# About this exercise:
Print only the lines below from the one with "Concept of New" to the one with "Stylo Convertible Cross", both included, exactly as they stand. Leave pictures out.

# Excerpted records:

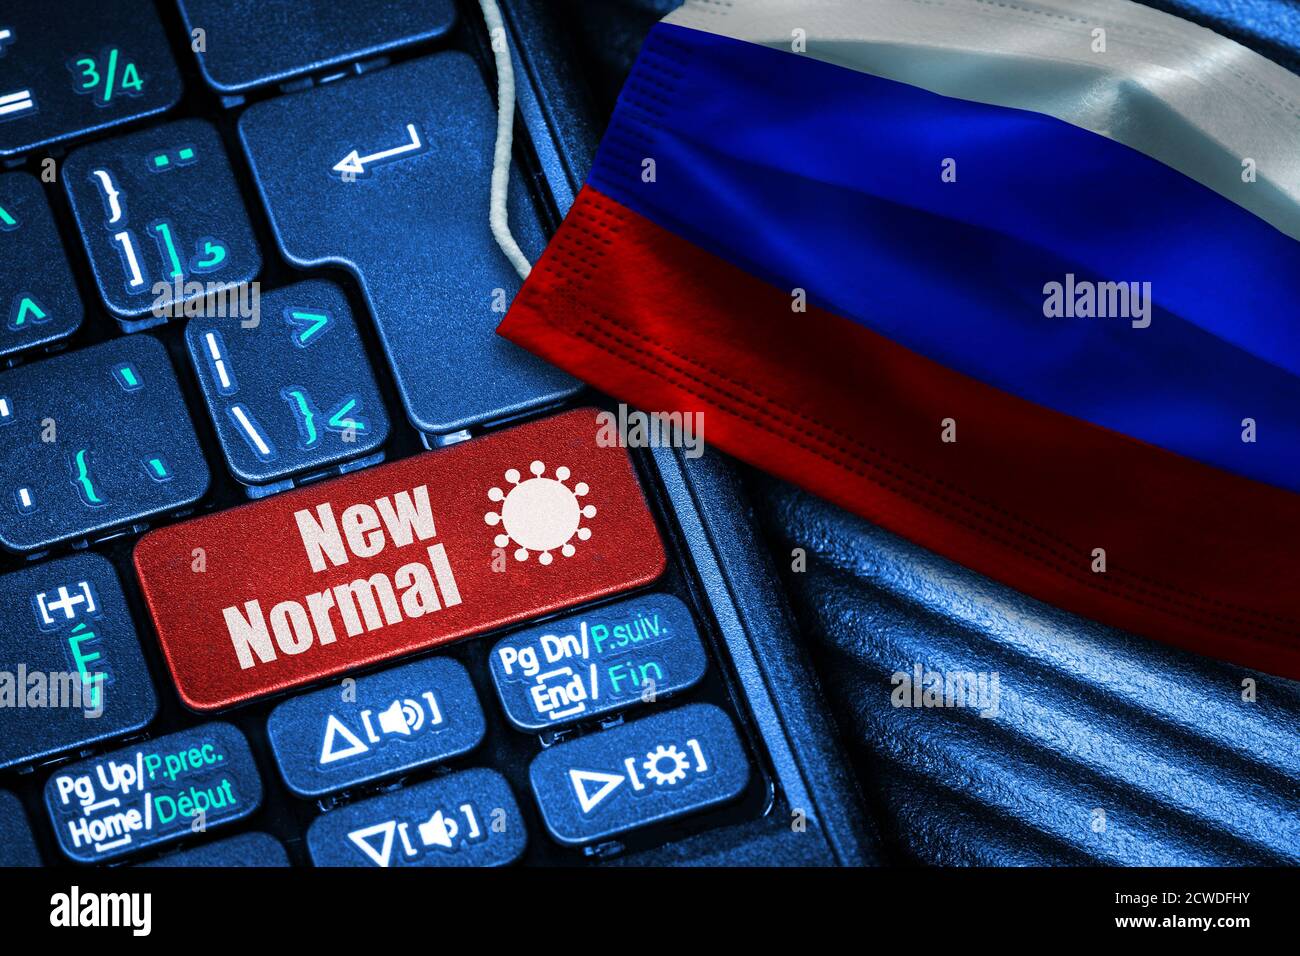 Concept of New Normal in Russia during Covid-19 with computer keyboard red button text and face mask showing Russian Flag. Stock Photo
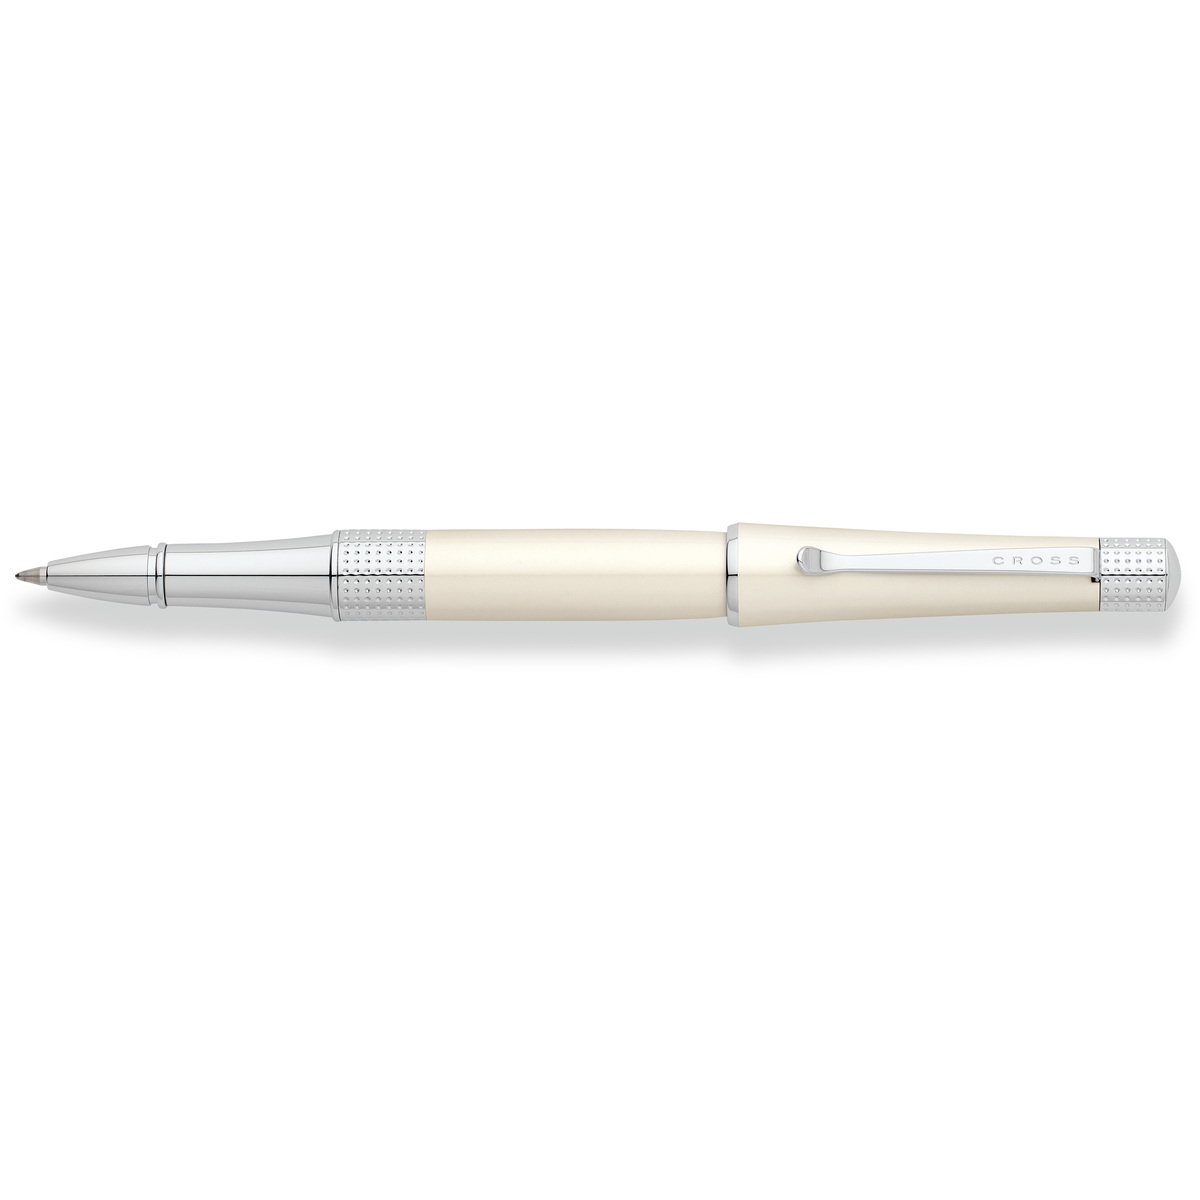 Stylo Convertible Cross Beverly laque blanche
* * *
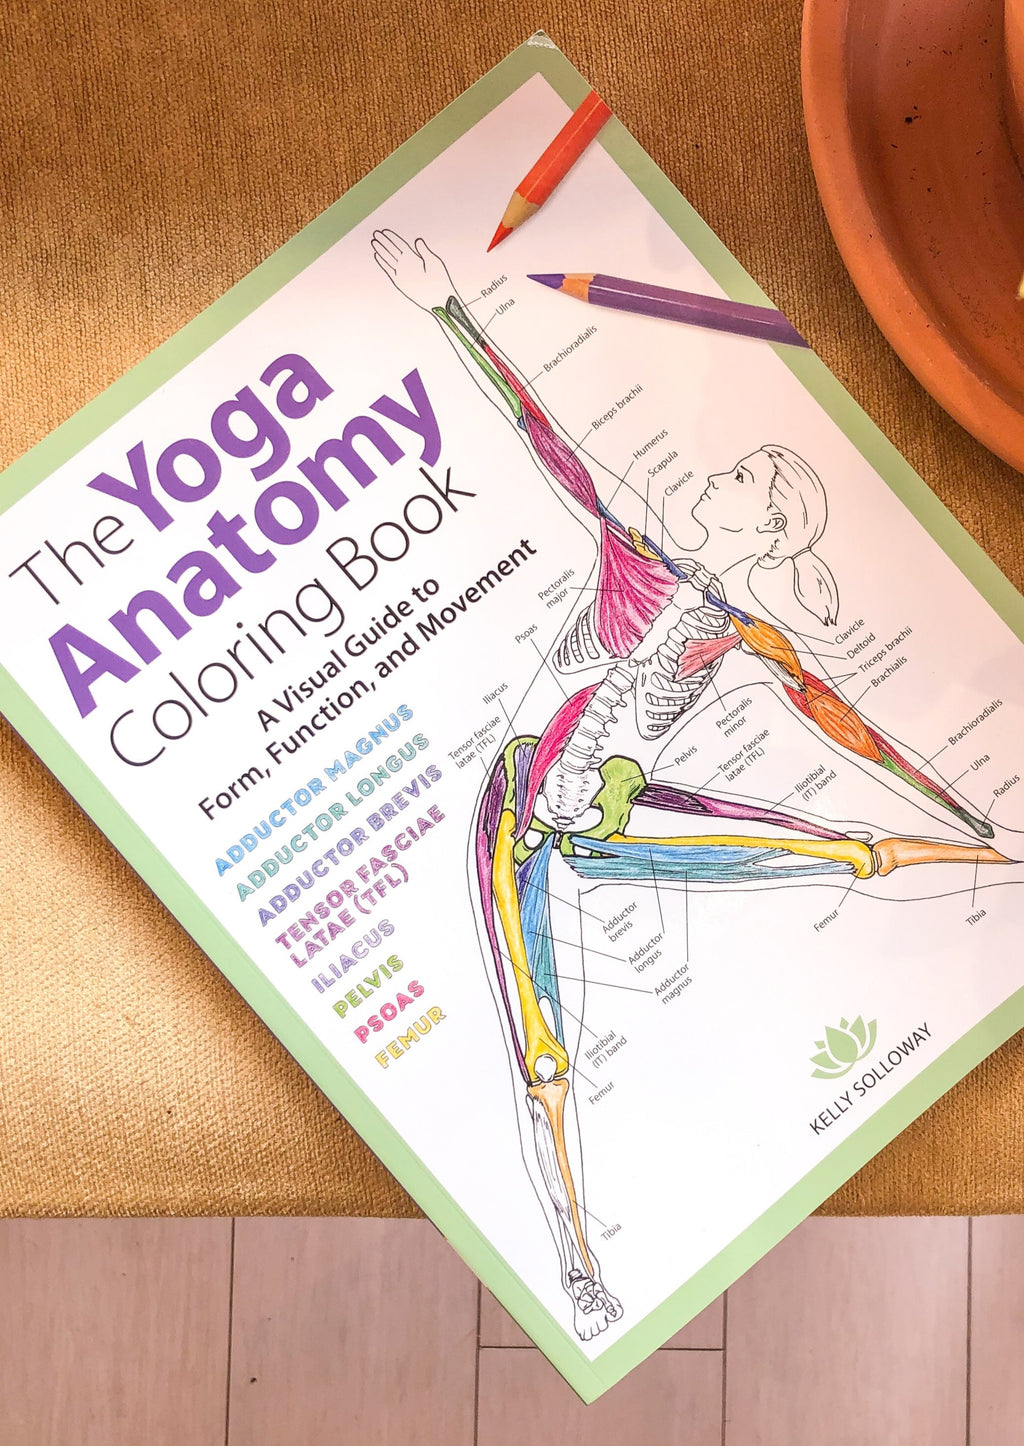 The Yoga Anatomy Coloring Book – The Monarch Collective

# Result of the exercise:
 Concept of New Normal in Russia during Covid-19 with computer keyboard red button text and face mask showing Russian Flag. Stock Photo
 Stylo Convertible Cross Beverly laque blanche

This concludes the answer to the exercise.